High doses of psilocybin, the active ingredient in magic mushrooms, appear to have a similar effect on depressive symptoms as escitalopram, a selective serotonin reuptake inhibitor (SSRI), suggests a systematic review and meta-analysis published in The BMJ Today.
The results show that patients treated with high-dose psilocybin showed better responses than those treated with placebo in antidepressant trials, although the effect size was small.
The researchers point out that flaws in study design may have overestimated the effectiveness of psychedelics, but say high-dose psilocybin “appears to have the potential to treat depressive symptoms.”
Psychedelic treatments have shown promise in reducing depressive symptoms. However, to date, only one randomized controlled trial has directly compared a psychedelic drug (psilocybin) to an antidepressant (escitalopram) in patients with major depressive disorder.
Additionally, the subjective effects of psychedelics can compromise blinding, leading to overestimation of treatment effects relative to placebo. Psychedelic treatment is also typically administered with psychological support, making it difficult to isolate the direct effects of psychedelics.
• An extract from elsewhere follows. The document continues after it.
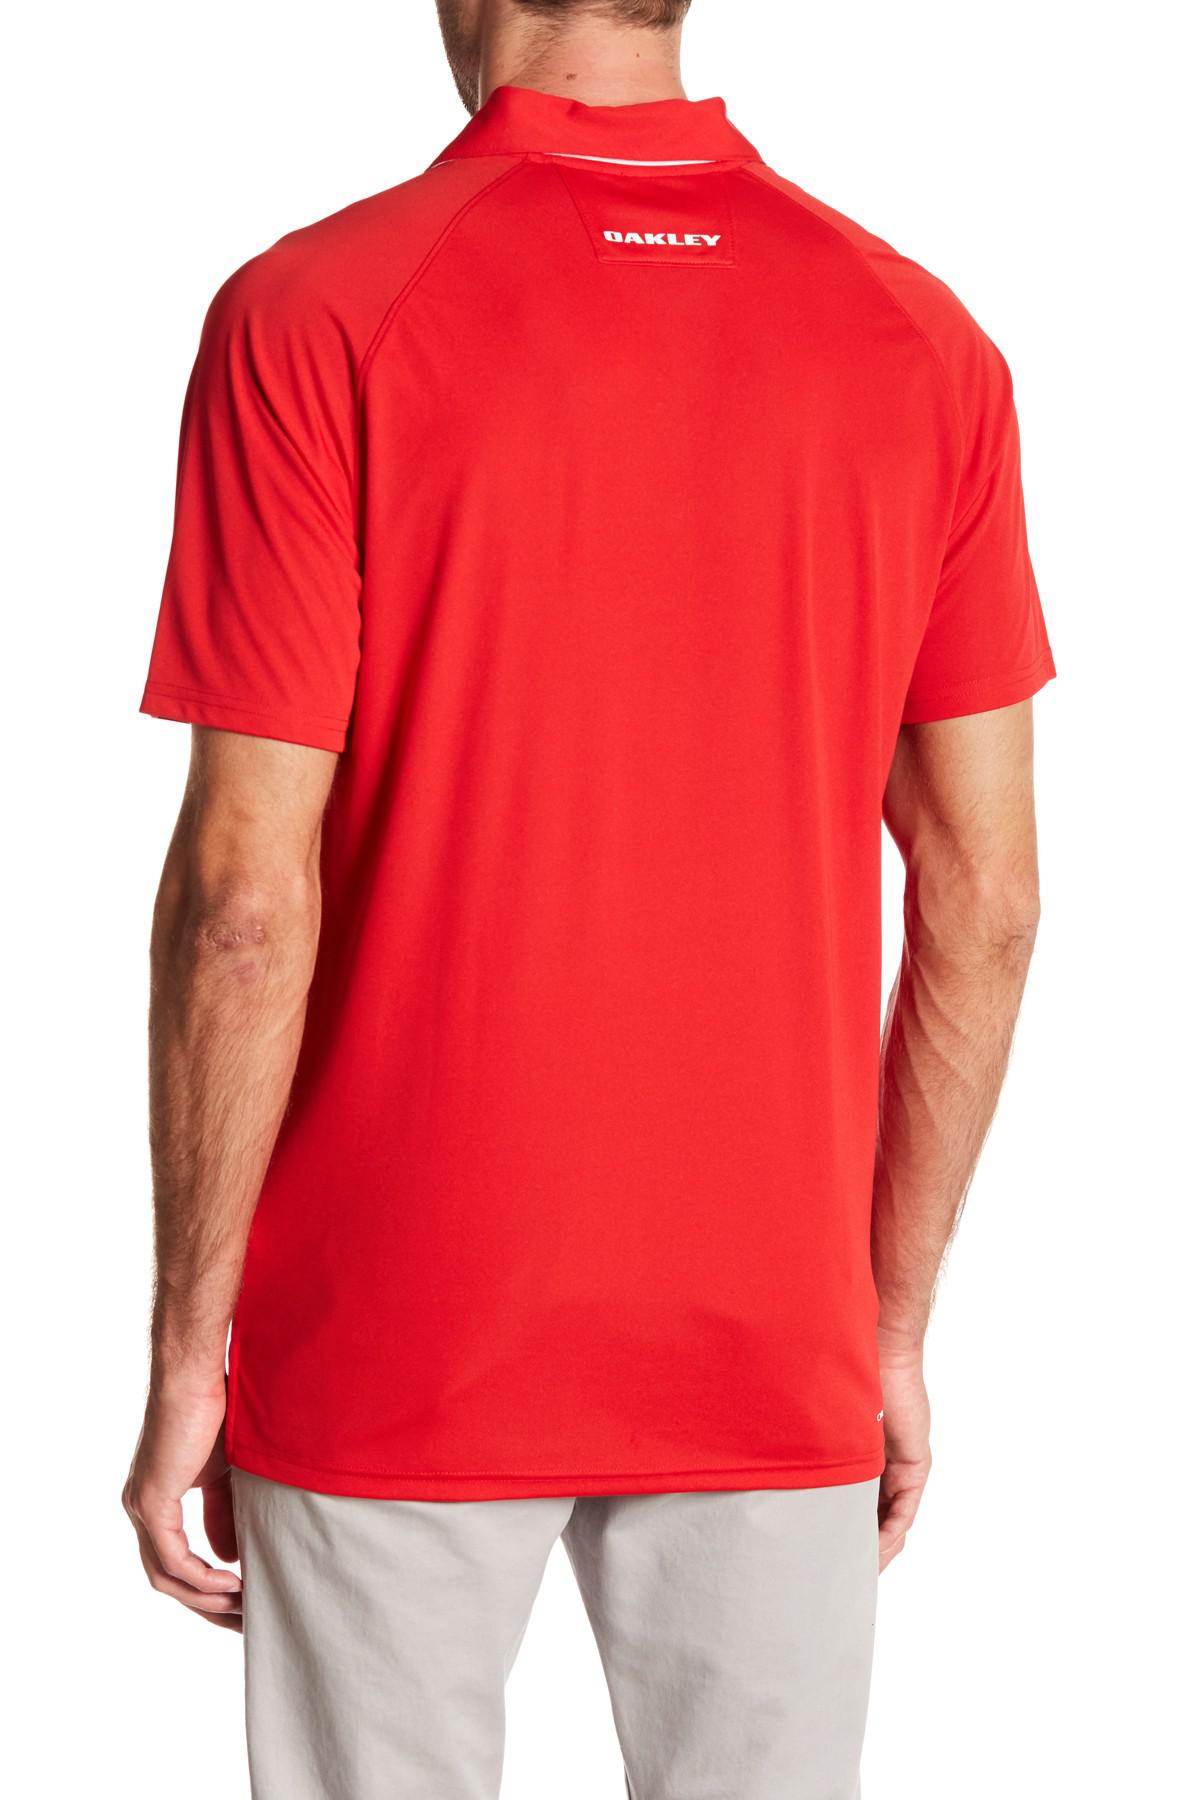 Lyst - Oakley Elemental Polo Shirt in Red for Men

To try to answer these questions, the researchers searched scientific databases to identify randomized controlled trials published up to October 12, 2023, that evaluated the effects of psychedelics or escitalopram in adults with acute depressive symptoms.
To be eligible, psychedelic treatments (including MDMA, LSD, psilocybin, or ayahuasca) had to be administered orally without the use of additional antidepressants, while escitalopram trials had to compare at least two different oral doses (maximum 20 mg/day) with placebo. Trials directly comparing psychedelic therapy to escitalopram were also included.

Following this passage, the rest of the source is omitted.